The emergency maintenance was completed without incident. That last of my monitoring alarms have cleared and all our tests look good. Thanks again for your patience, and hopefully this is the last we see of this issue.
At 15:24 EST, we experienced a brief (30 second) network blip in our New York datacenter. This is related to Friday's notice.
We will be performing emergency maintenance tonight at 1:00 EST to replace this equipment altogether. I expect this maintenance to take less than half an hour, but I've scheduled the entire 1:00-2:00 hour to give us some leeway.
I apologize once again for any inconvenience. This blog will be updated when the repair is complete.
We had a few network blips in our New York data center today which caused a few sporadic timeouts to both Copilot and FogBugz On Demand services.
After examination, we determined the failure to be in our equipment and were able to reproduce the problem. We have taken the appropriate steps to prevent this specifc error from recurring, and are engaging the vendor to find the most reasonable fix for the fundamental behavior.
Our colo facility performed maintenance this morning which caused a brief blip in network connectivity. While this only lasted for a few seconds, the interface state change caused one our routers to enter into a bad state. While in this state, we were intermittantly dropping packets and causing Copilot and On Demand services to perform poorly at times.
All services have been restored.
We have isolated the bad NIC, narrowed the problem down to an issue with its driver, and will be replacing this system entirely this week to avoid future problems of this nature.
These errors were isolated to account Administrators accessing FogBugz through a particular web server (unrelated to the "Periodic web errors" post below). The issues on that server have been resolved, though we're still working to determine their root cause.

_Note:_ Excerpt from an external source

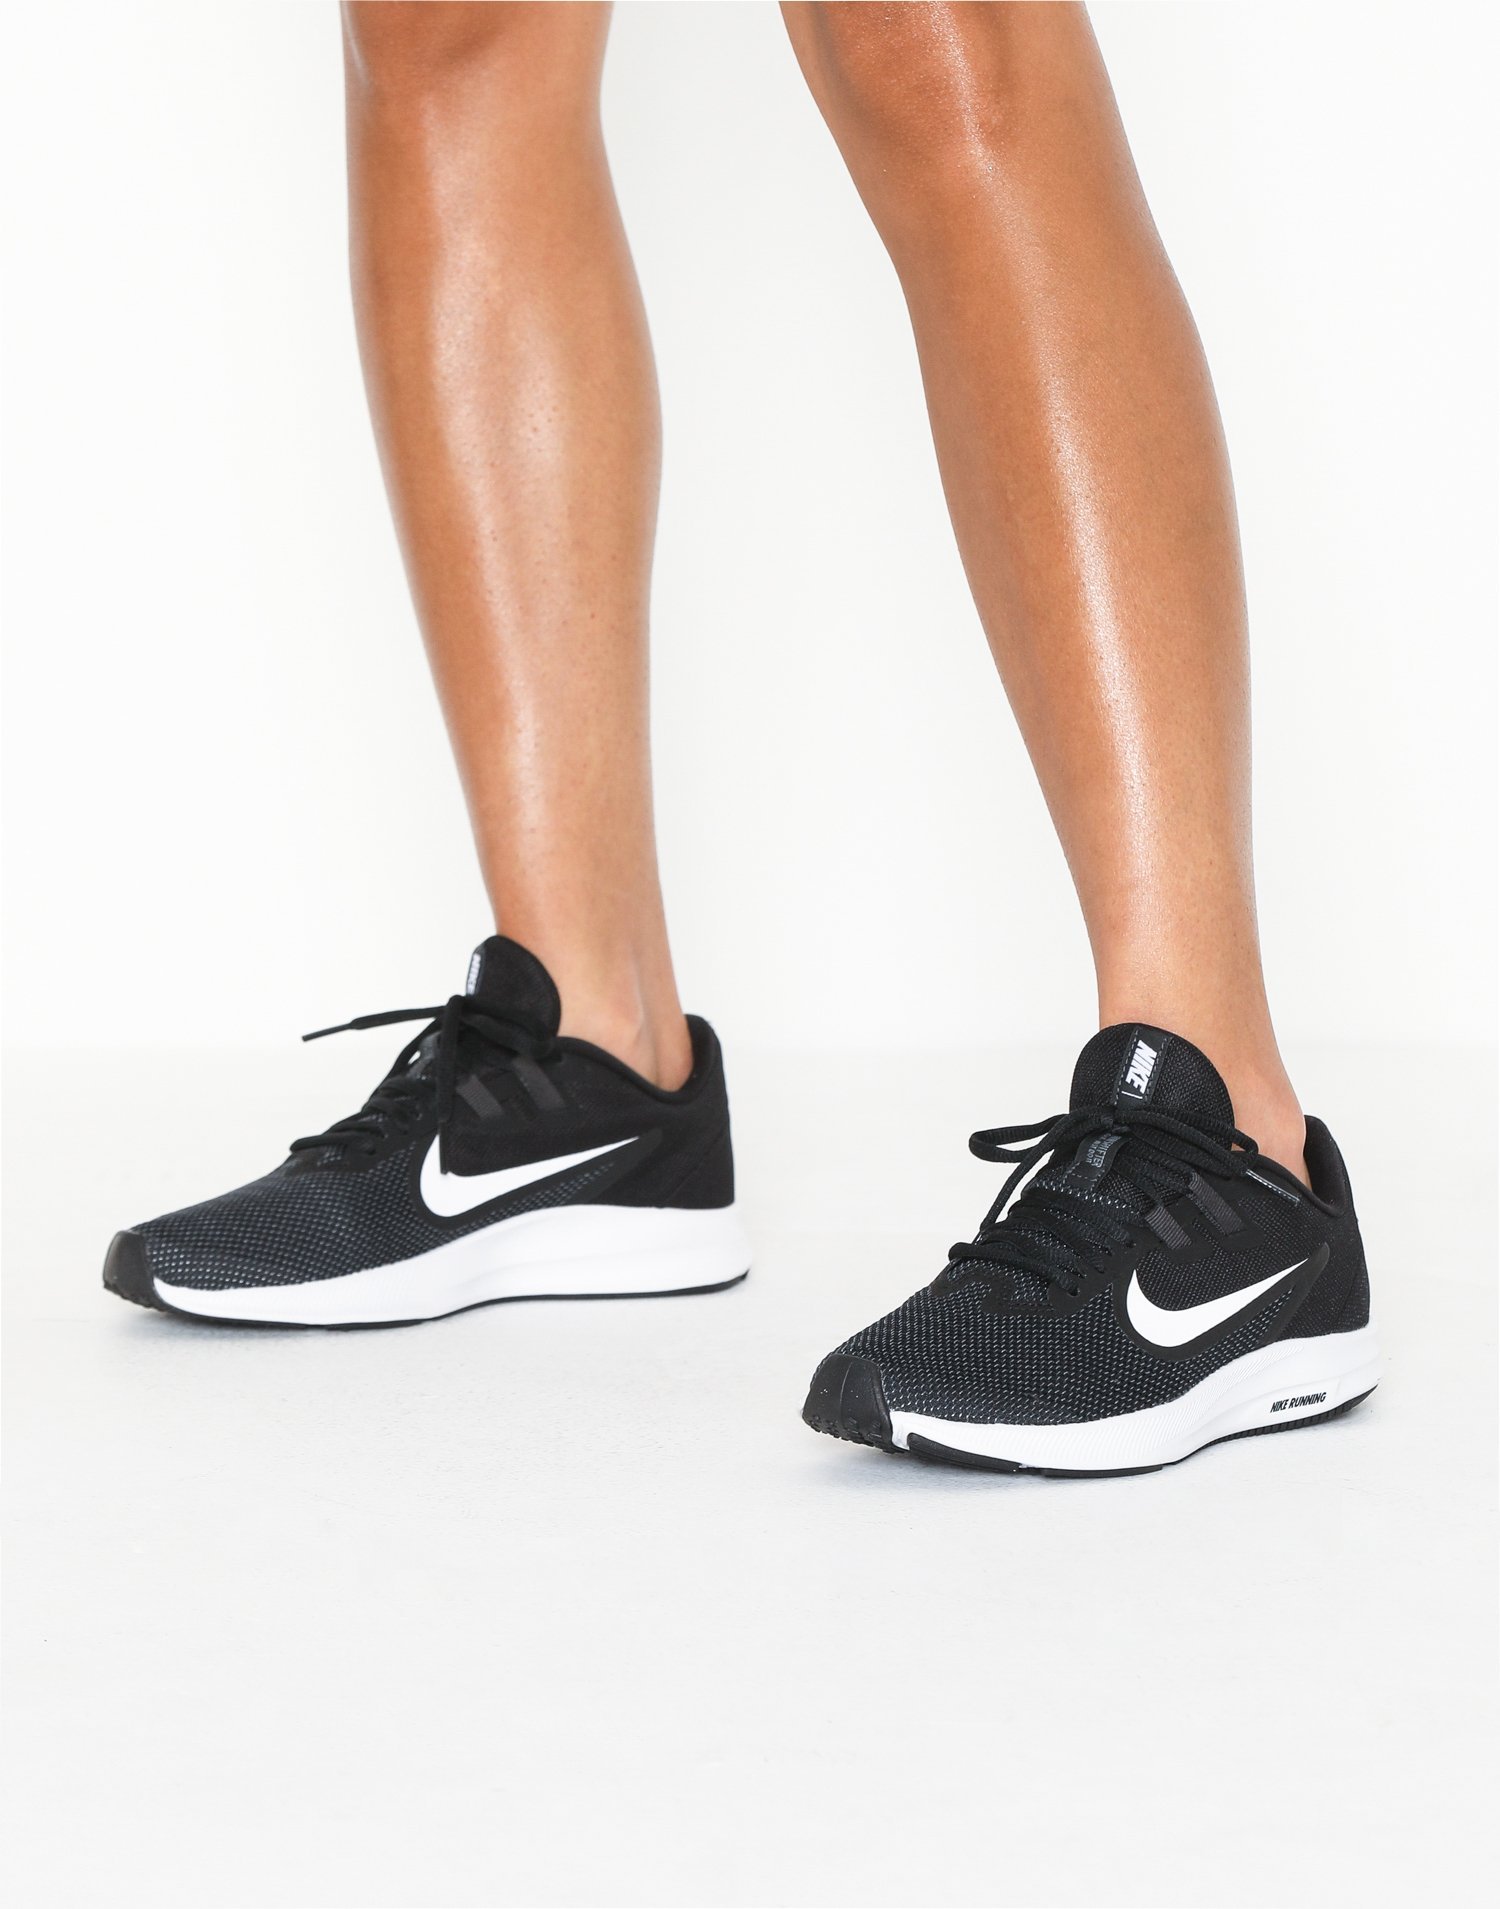 nike downshifter 9 womens review

One of our webservers is having a bad day and is periodically throwing ASP errors at visitors to shop.fogcreek.com and jobs.joelonsoftware.com. We've pulled it out of our load balancer so you won't have to look at them any more, but you may see a bit of a performance hit on those sites, discuss.joelonsoftware.com, and copilot.com as a result. Updates coming as soon as this server is fixed.
Some customers were experiencing problems reaching FogBugz on Demand. One of the front end servers was having difficulty reaching the database server. That server has now been taken offline, so everything should be working again.
update: Things are in working order. Total lag was about 30 minutes.
Hi Folks. We're in the midst of migrating a hurting backend service right now to some new hardware. During this move, new On Demand accounts will be queued up for creation. We expect this to be wrapped up in an hour or so. Once all is well, all of the queued up account creation requests will flow through as expected.
This does not impact existing On Demand users.
I'll update this post as soon as the work is complete.